Jack Ma has quietly relinquished his ownership of the legal entities at the heart of Alibaba, symbolically handing back the keys to the Chinese technology giant he founded 19 years go.
Mr Ma, 54, has already announced he will retire as Alibaba’s chairman next year. It has now emerged that he has also removed himself as one of the owners of its main “variable interest entities”, the vehicles that hold the company’s operating licences and certain assets on the Chinese mainland.
Alibaba confirmed the move, which has not so far been announced in its regulatory filings, and said it wanted to reduce the administrative burden on Mr Ma.
Mr Ma remains as a shareholder and a permanent member of Alibaba’s 36-strong partnership, which has the right to nominate a majority of the board. But his exit from the VIEs means he will not have one historically important lever of control.
VIEs have allowed Chinese technology companies, whose sensitive internet assets such as licences cannot be legally owned by foreigners, to tap overseas markets for capital.
Shareholders in New York-listed Alibaba have contracts with Alibaba’s VIEs stipulating that profits are transferred across. But the contracts do not always guarantee the interests of foreign shareholders, who do not have direct access to the assets of VIEs.
Ownership of structures like VIEs can enable asset swaps that are detrimental to other shareholders.
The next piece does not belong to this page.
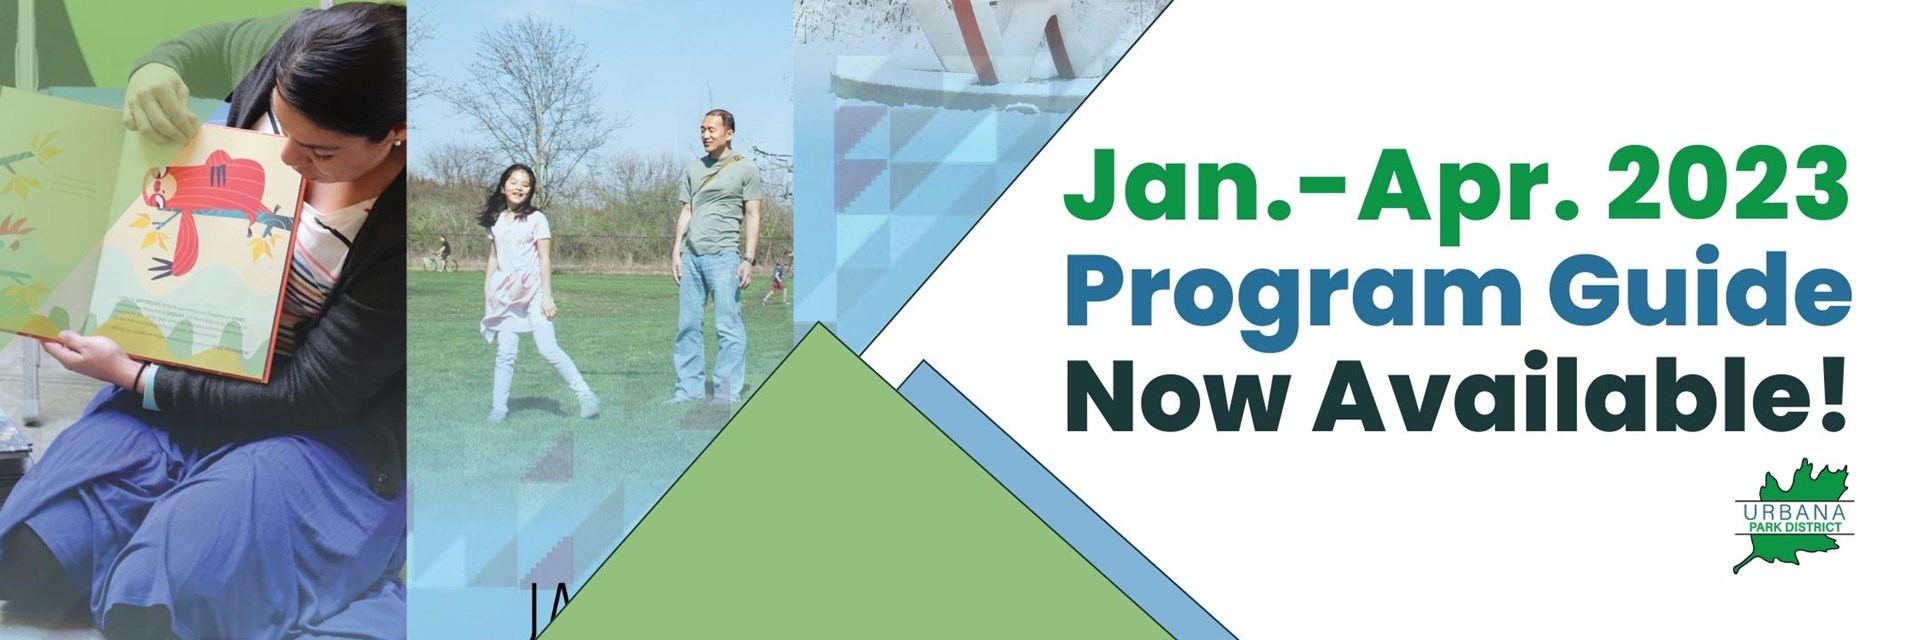 Jan.-Apr. 2023 Program Guide Now Available!

In 2011 Mr Ma transferred ownership of Alipay, the payments arm that has since been renamed Ant Financial, out of Alibaba and into a company that he controlled personally, despite protests from shareholders including Yahoo, which said it had not been informed.
Mr Ma still controls a majority of Ant Financial’s voting interests.
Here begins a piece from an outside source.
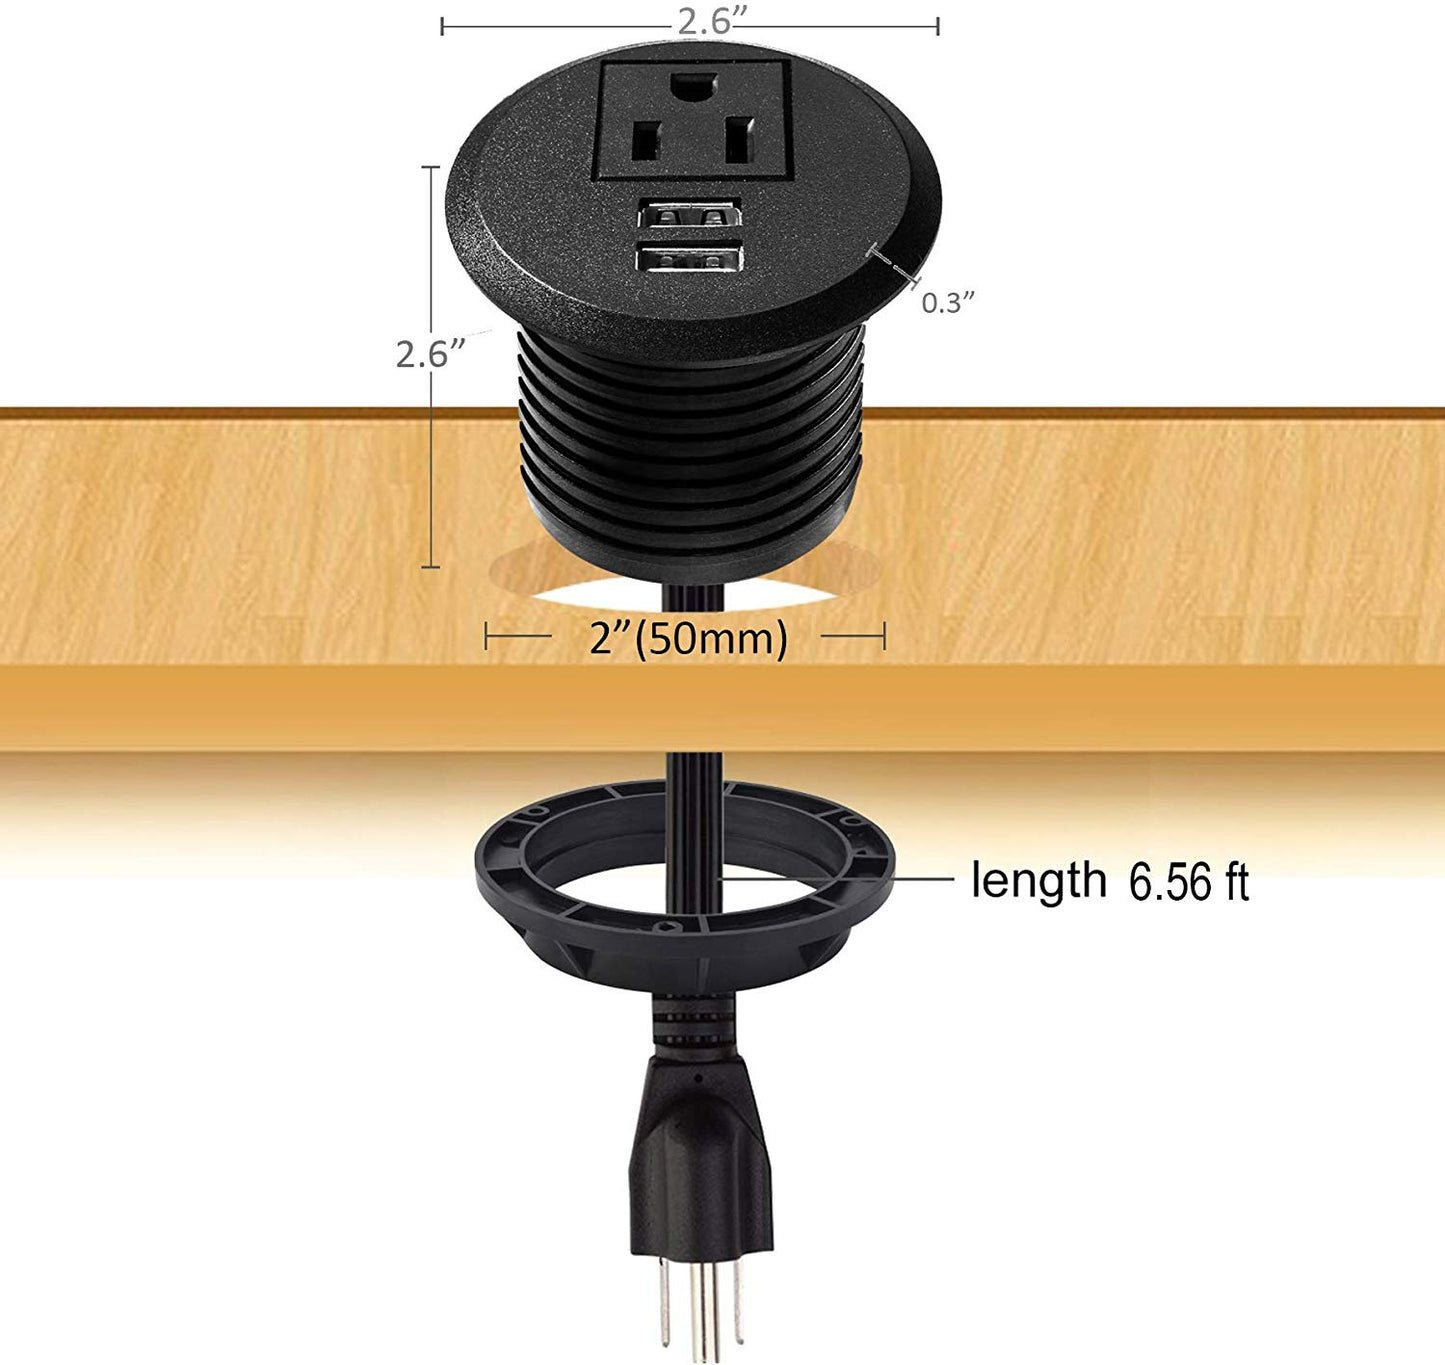 Desk Grommet Power Outlet with USB Port

For Alibaba’s investors, there is now an asymmetric alignment of interests, given the VIEs are no longer in the hands of a major shareholder.
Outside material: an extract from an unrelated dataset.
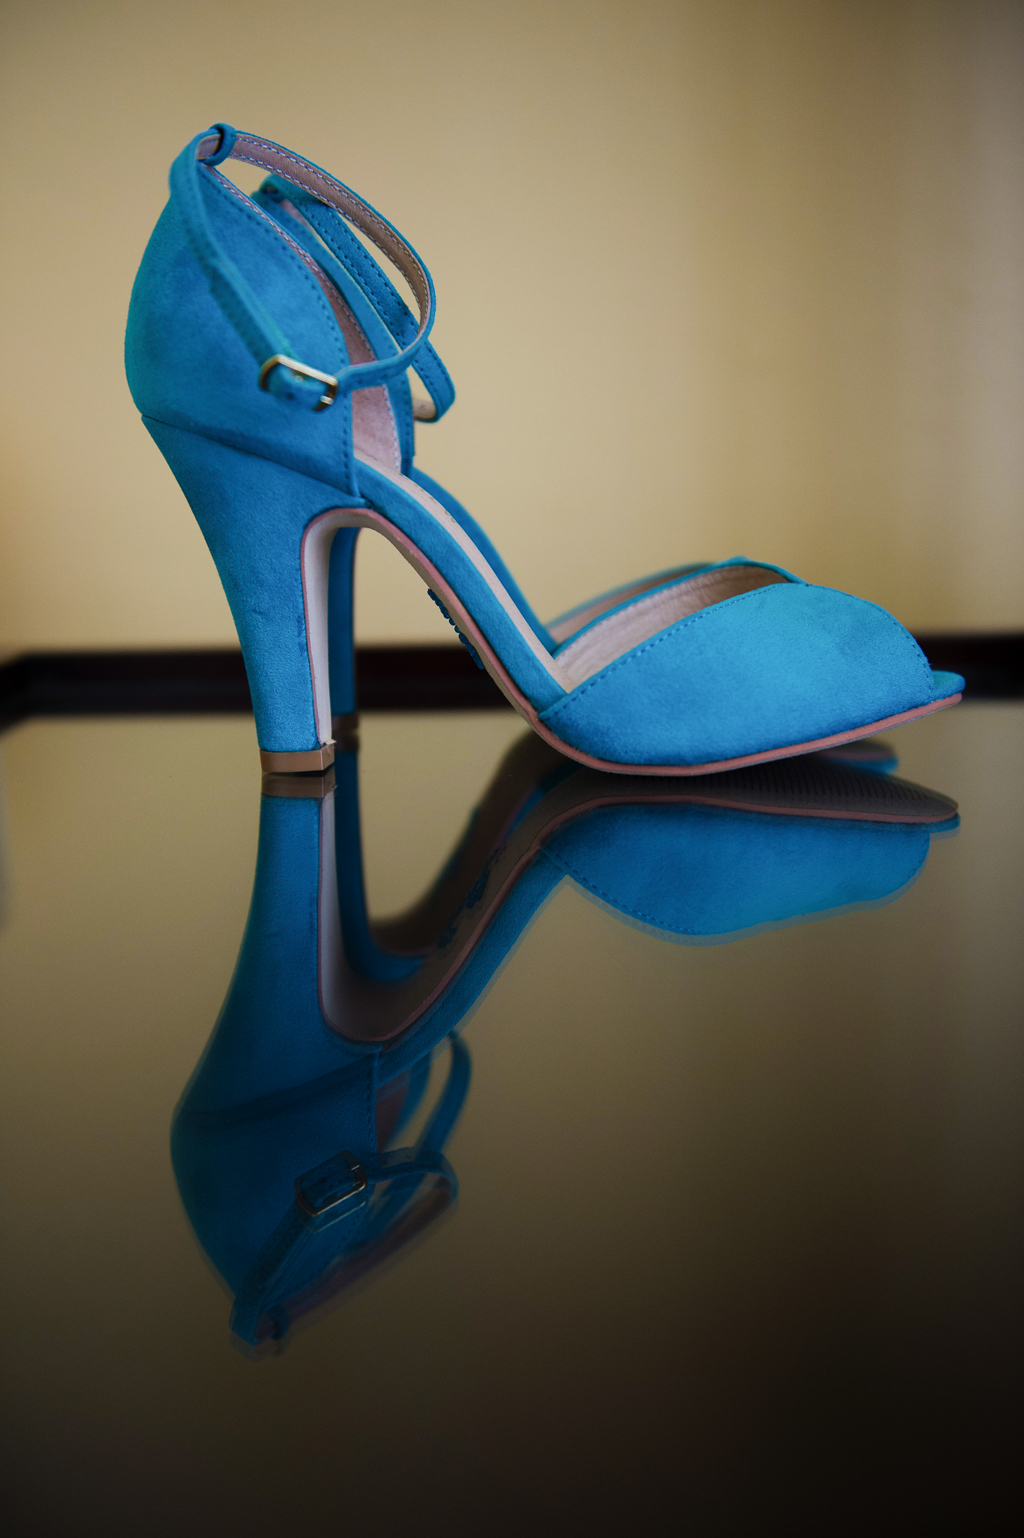 turquoise high heeled wedding shoes reflect on a shiny surface

“Jack is the only executive of substance with some skin in the game and is aligned economically with shareholders,” said Delian Entchev, an investment analyst at the Australian fund manager Hayberry. “If he has stepped back [from the VIE] that’s not particularly positive.”
Fredrik Oqvist, founder of the financial services start-up blueflag.io, who has made an extensive study of Chinese VIEs, said the move would also raise questions about Alipay.
“If you are Alibaba and say, ‘we are going to restructure our VIEs’, my first thought would be to go to Alipay and ask questions. Because there is some form at the company for strange things to happen at VIEs,” he said. He added that Alibaba’s VIEs had been “among the best managed”.
Alibaba’s 20-F filing with the Securities and Exchange Commission this month detailed a restructuring of the company’s VIEs, of which there are around 10-20.
The filing detailed a switch in ultimate control from two men, Mr Ma and co-founder Simon Xie, to a group of five. It did not disclose names of the new owners, leaving investors to assume Mr Ma’s ownership was simply being diluted and spread among a wider group of executives.
Alibaba attributed that change to reducing the “key man risk” associated with putting key assets in the hands of a couple of people. The VIEs’ five new controlling shareholders are drawn from the ranks of the partnership.
More than 100 US and Hong Kong listed companies use VIEs. But the structure continues to operate in a legal limbo as Beijing has never confirmed their validity. That has created a faultline at the heart of the $1tn-plus world of overseas-listed China tech and market newcomers duly detail the risk in their listing prospectuses.